🤖 AI Summary
This work addresses the challenge of drift-prone visual-inertial odometry (VIO) in GPS-denied environments for multi-robot systems, where existing ultra-wideband (UWB)-assisted approaches are typically limited to single robots and rely on pre-calibrated anchor nodes, compromising robustness. To overcome these limitations, we propose a distributed collaborative visual-inertial-ranging odometry framework (DC-VIRO), which, for the first time, tightly integrates VIO with online self-calibration of UWB anchors in multi-robot settings. By incorporating anchor positions into the system state and leveraging shared UWB measurements to impose geometric constraints, DC-VIRO employs right-invariant error modeling on Lie groups and distributed optimization to ensure observability and estimation consistency.

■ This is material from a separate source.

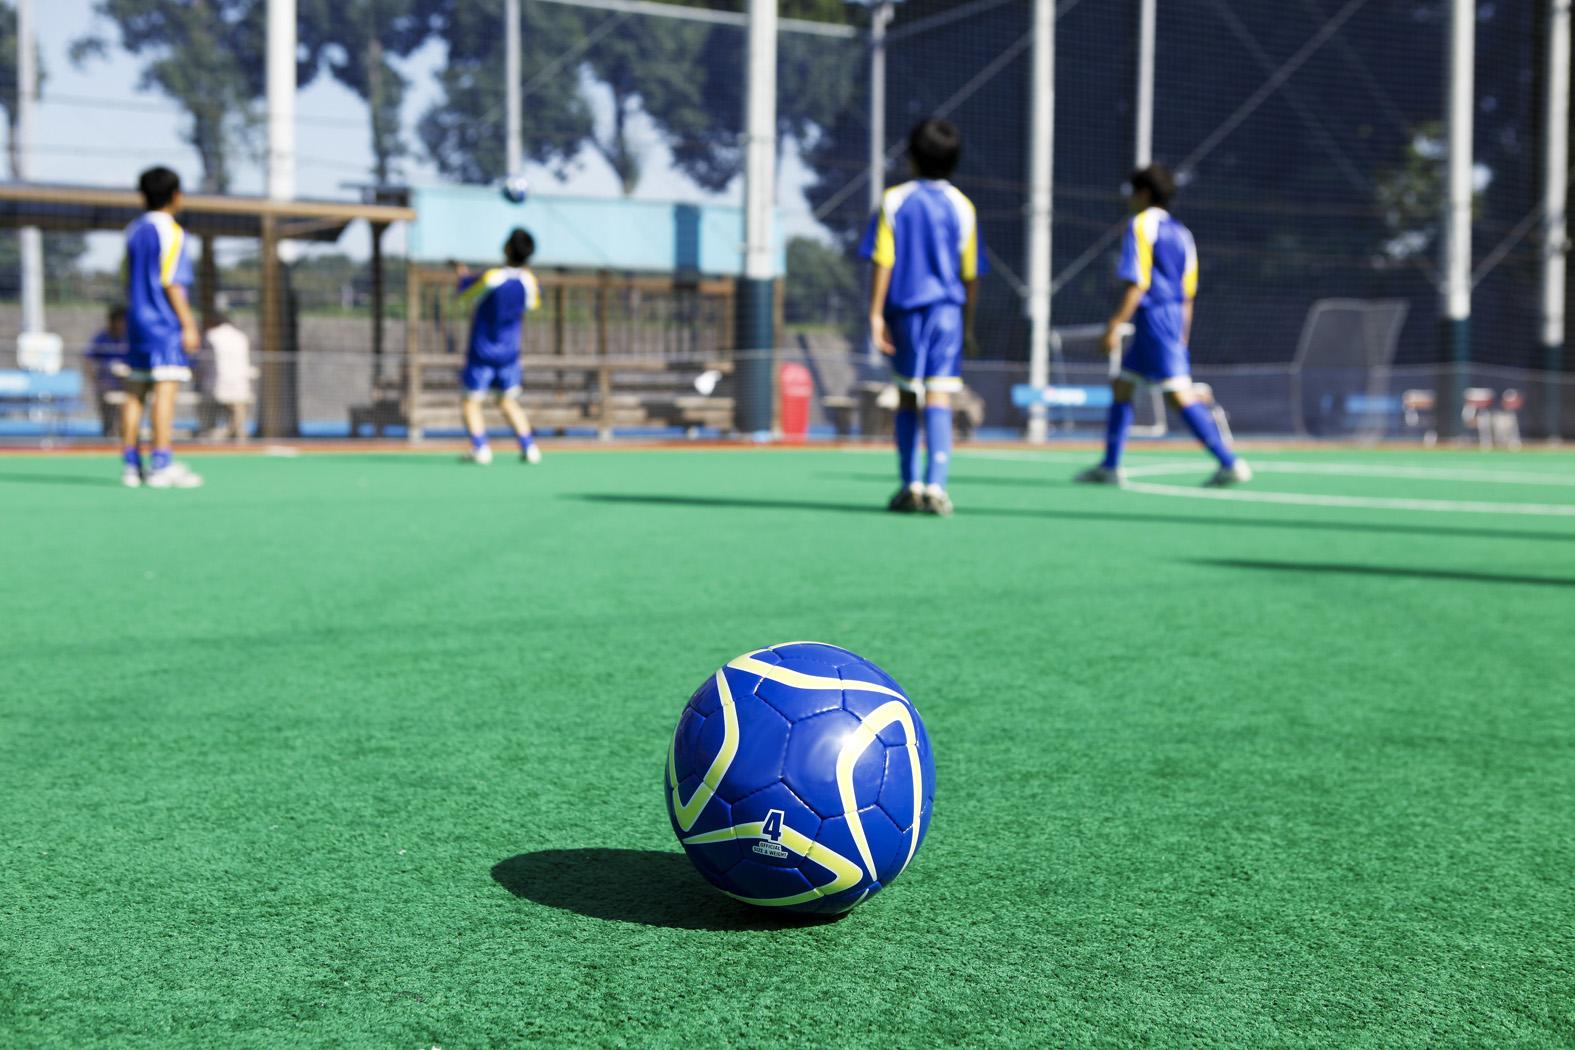 明光サッカースクール 「秋の入会キャンペーン」を実施 ~入会金無料でプロの技を体験~

Experimental results demonstrate that DC-VIRO significantly improves localization accuracy and robustness while successfully achieving distributed self-calibration of UWB anchors.
📝 Abstract
Reliable localization is a fundamental requirement for multi-robot systems operating in GPS-denied environments. Visual-inertial odometry (VIO) provides lightweight and accurate motion estimation but suffers from cumulative drift in the absence of global references. Ultra-wideband (UWB) ranging offers complementary global observations, yet most existing UWB-aided VIO methods are designed for single-robot scenarios and rely on pre-calibrated anchors, which limits their robustness in practice. This paper proposes a distributed collaborative visual-inertial-ranging odometry (DC-VIRO) framework that tightly fuses VIO and UWB measurements across multiple robots. Anchor positions are explicitly included in the system state to address calibration uncertainty, while shared anchor observations are exploited through inter-robot communication to provide additional geometric constraints. By leveraging a right-invariant error formulation on Lie groups, the proposed approach preserves the observability properties of standard VIO, ensuring estimator consistency. Simulation results with multiple robots demonstrate that DC-VIRO significantly improves localization accuracy and robustness, while simultaneously enabling anchor self-calibration in distributed settings.